» **Exercise prompt**:
Pictures are to be left out. Return exactly the lines below from the one with "World Cup France" up to and including the one with "Cree vs Immigrants".

» **Exercise materials**:
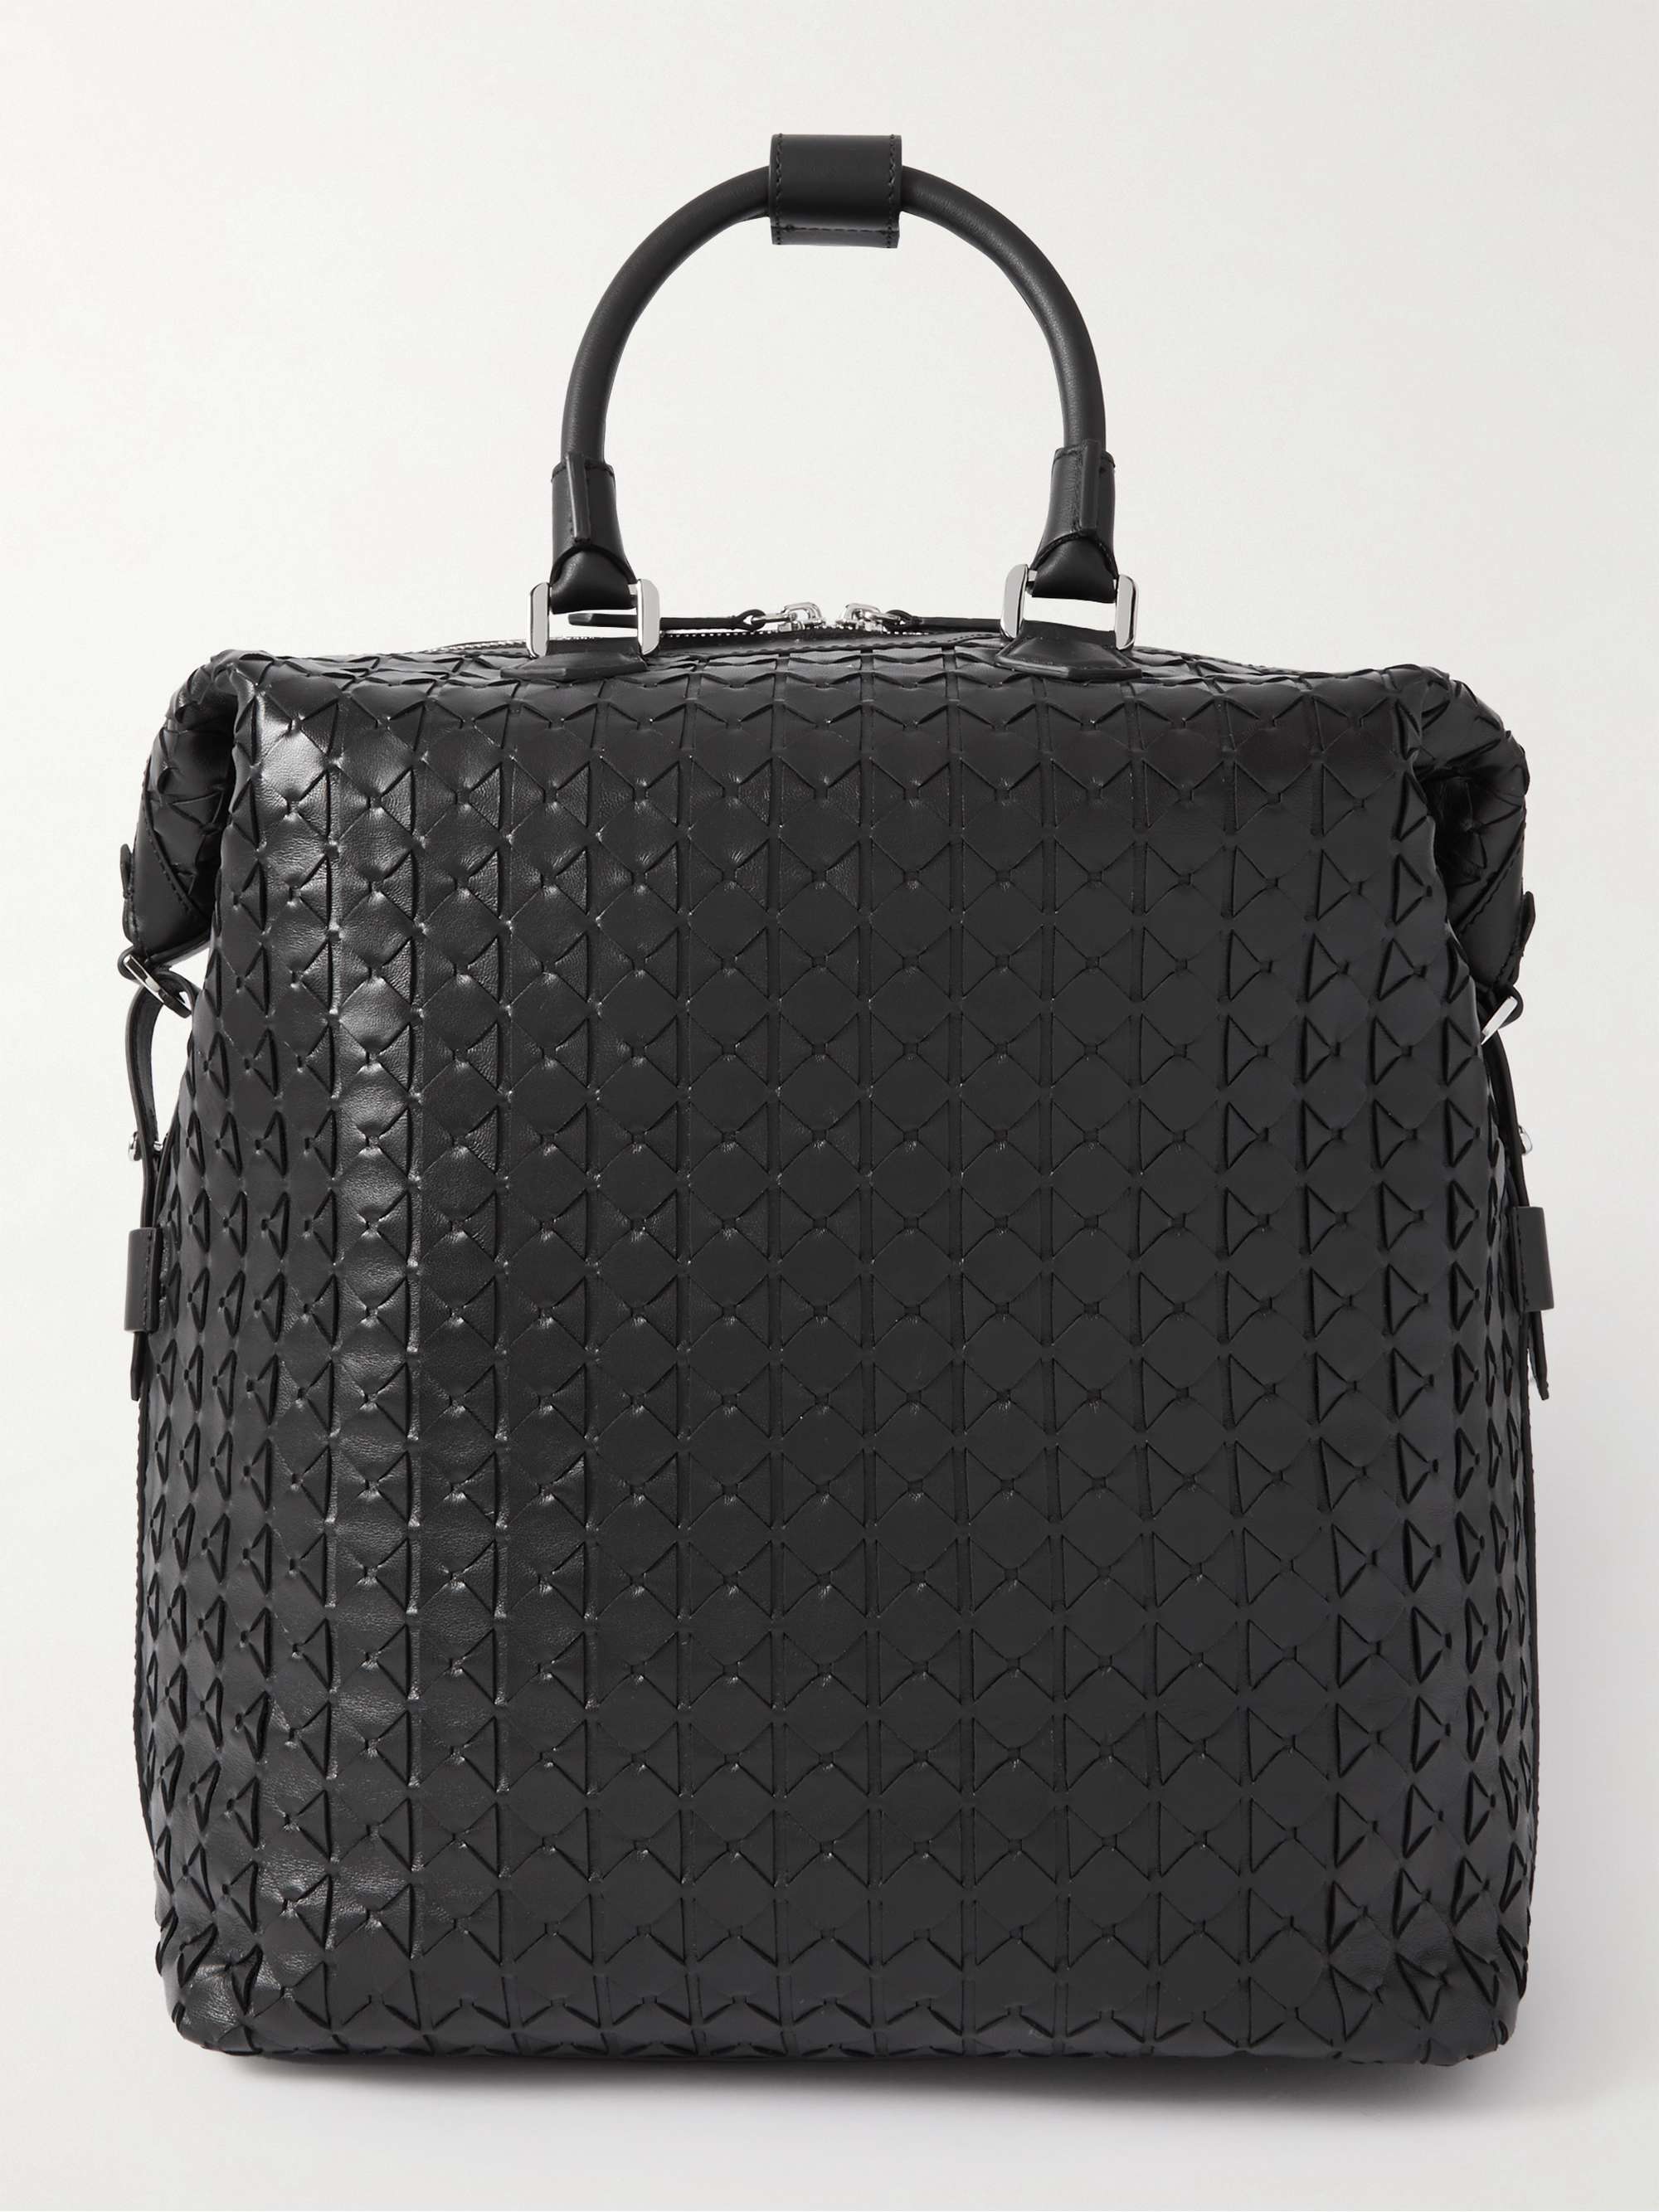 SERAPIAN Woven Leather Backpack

--

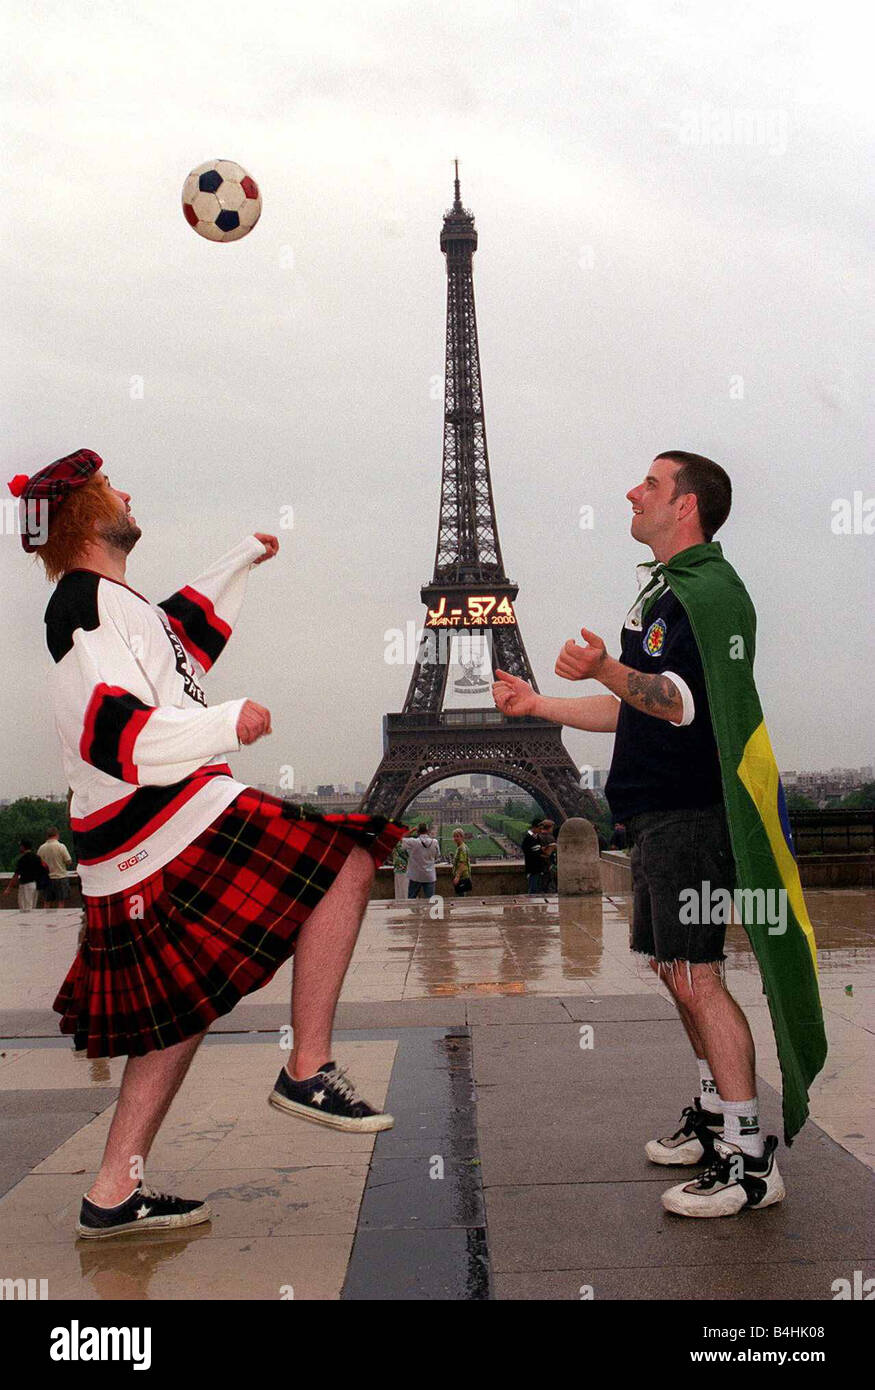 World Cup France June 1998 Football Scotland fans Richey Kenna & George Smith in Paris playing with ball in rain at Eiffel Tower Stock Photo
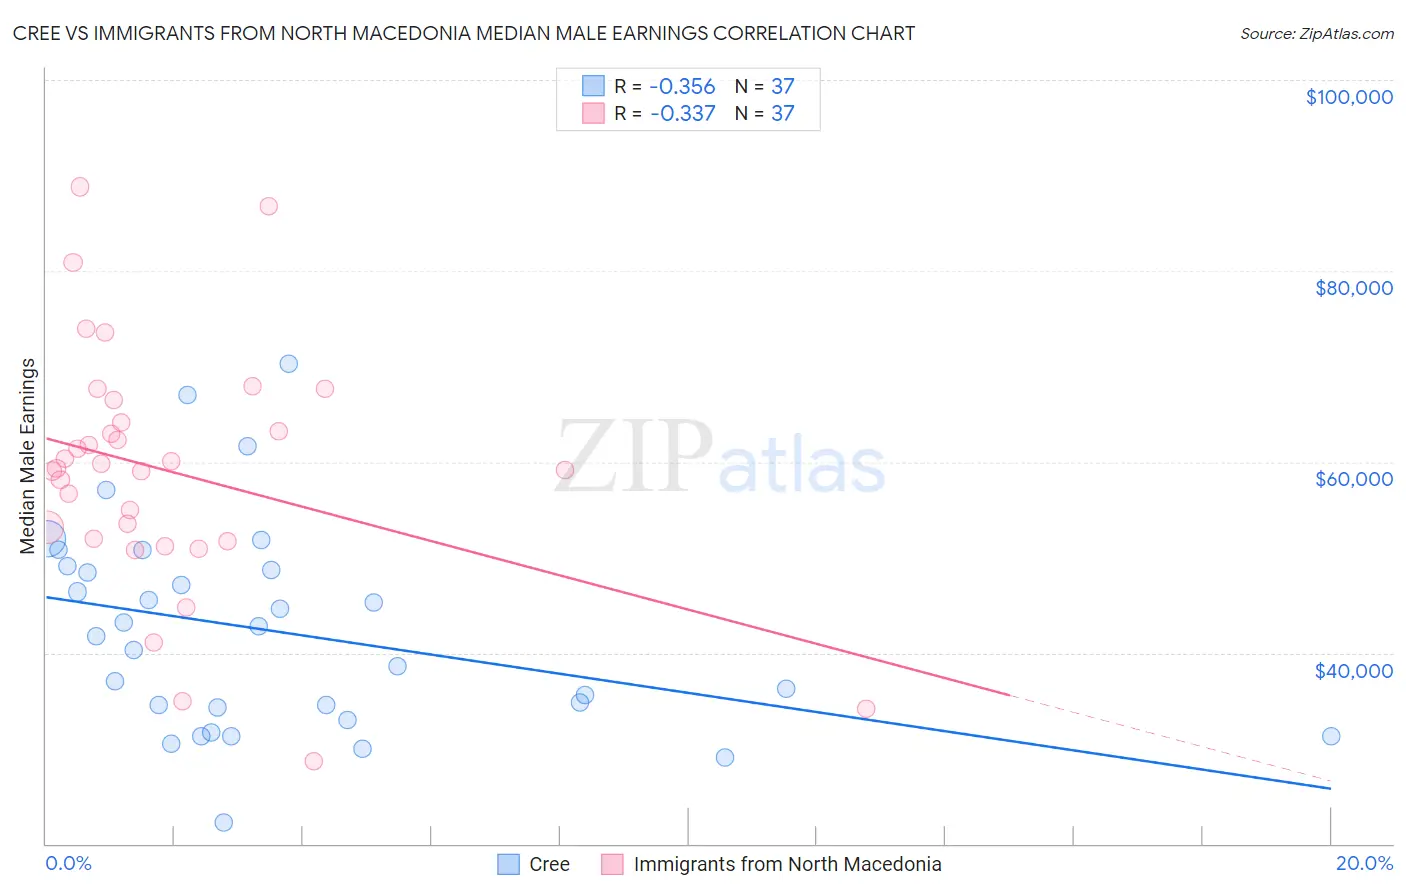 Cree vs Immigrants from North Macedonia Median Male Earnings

---

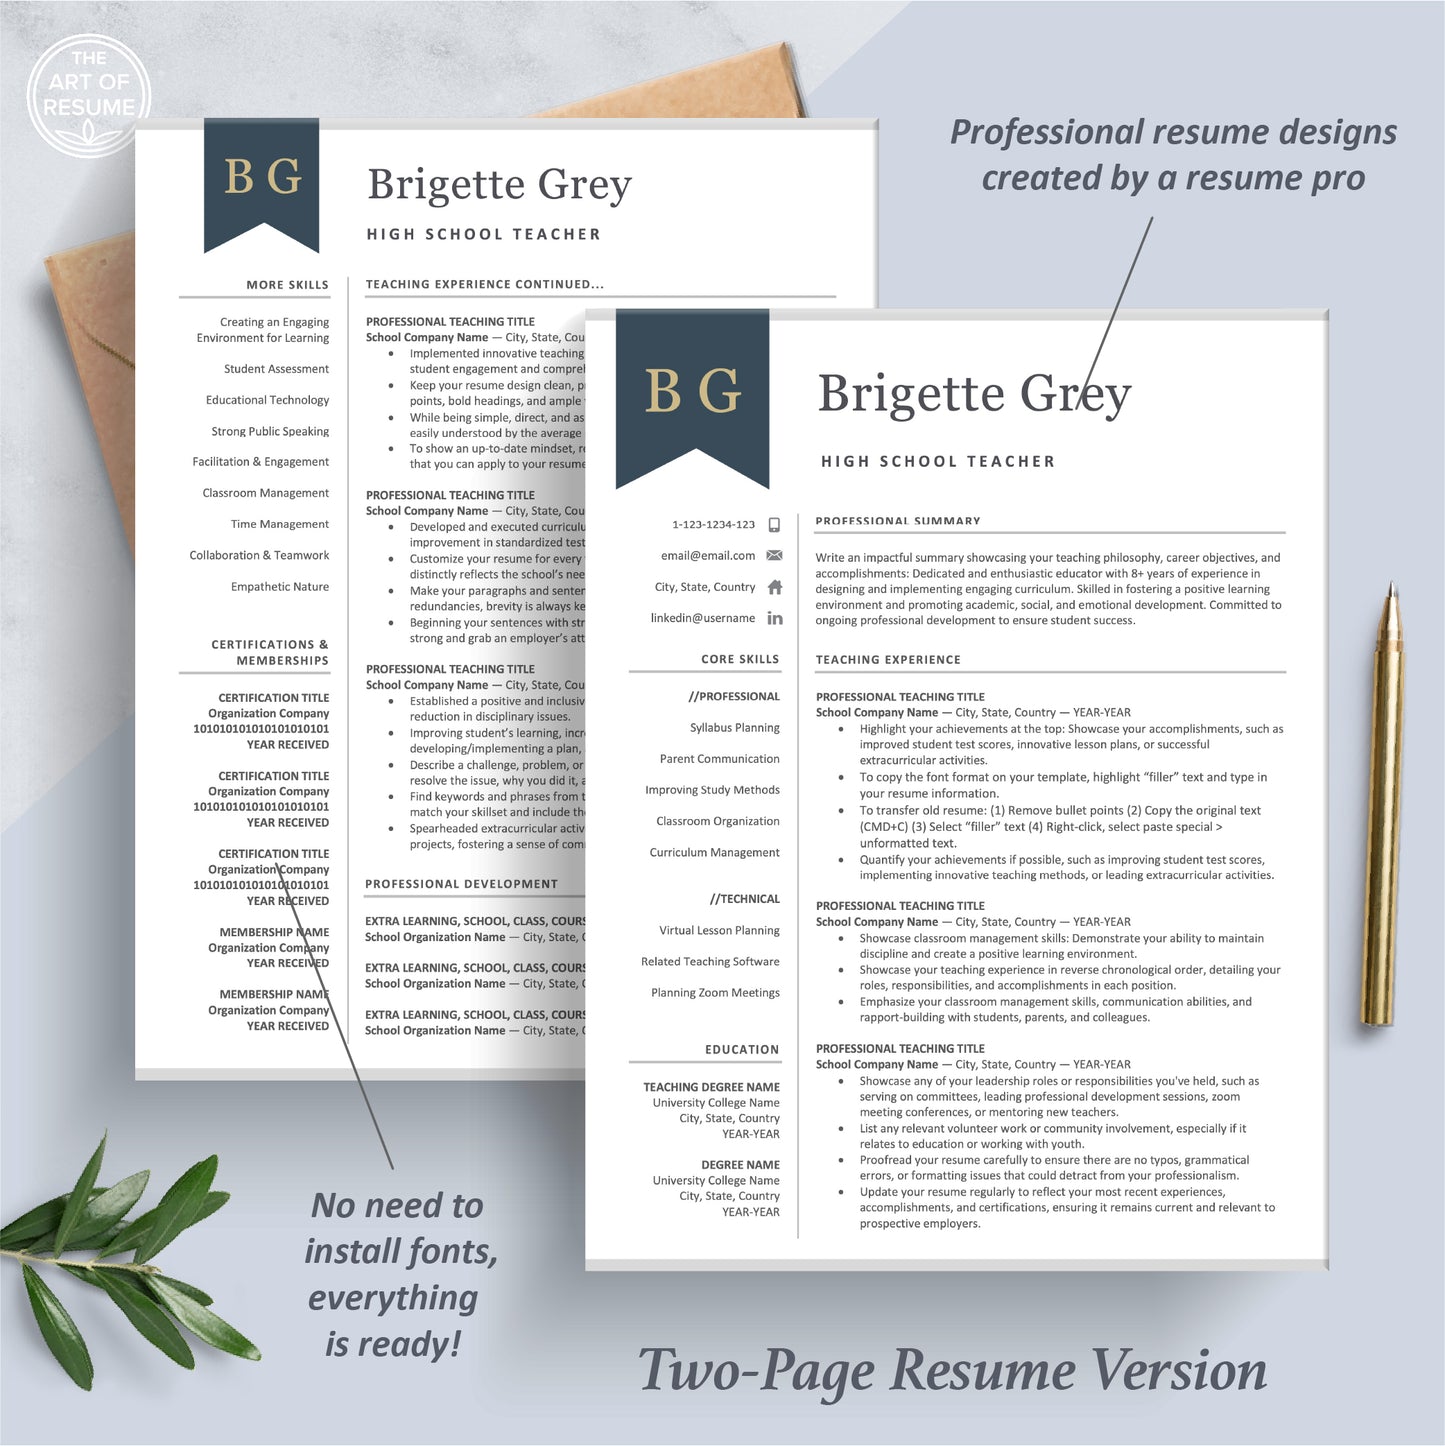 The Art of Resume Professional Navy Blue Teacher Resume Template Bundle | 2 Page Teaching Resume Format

» **Expected answer**:
 World Cup France June 1998 Football Scotland fans Richey Kenna & George Smith in Paris playing with ball in rain at Eiffel Tower Stock Photo
 Cree vs Immigrants from North Macedonia Median Male Earnings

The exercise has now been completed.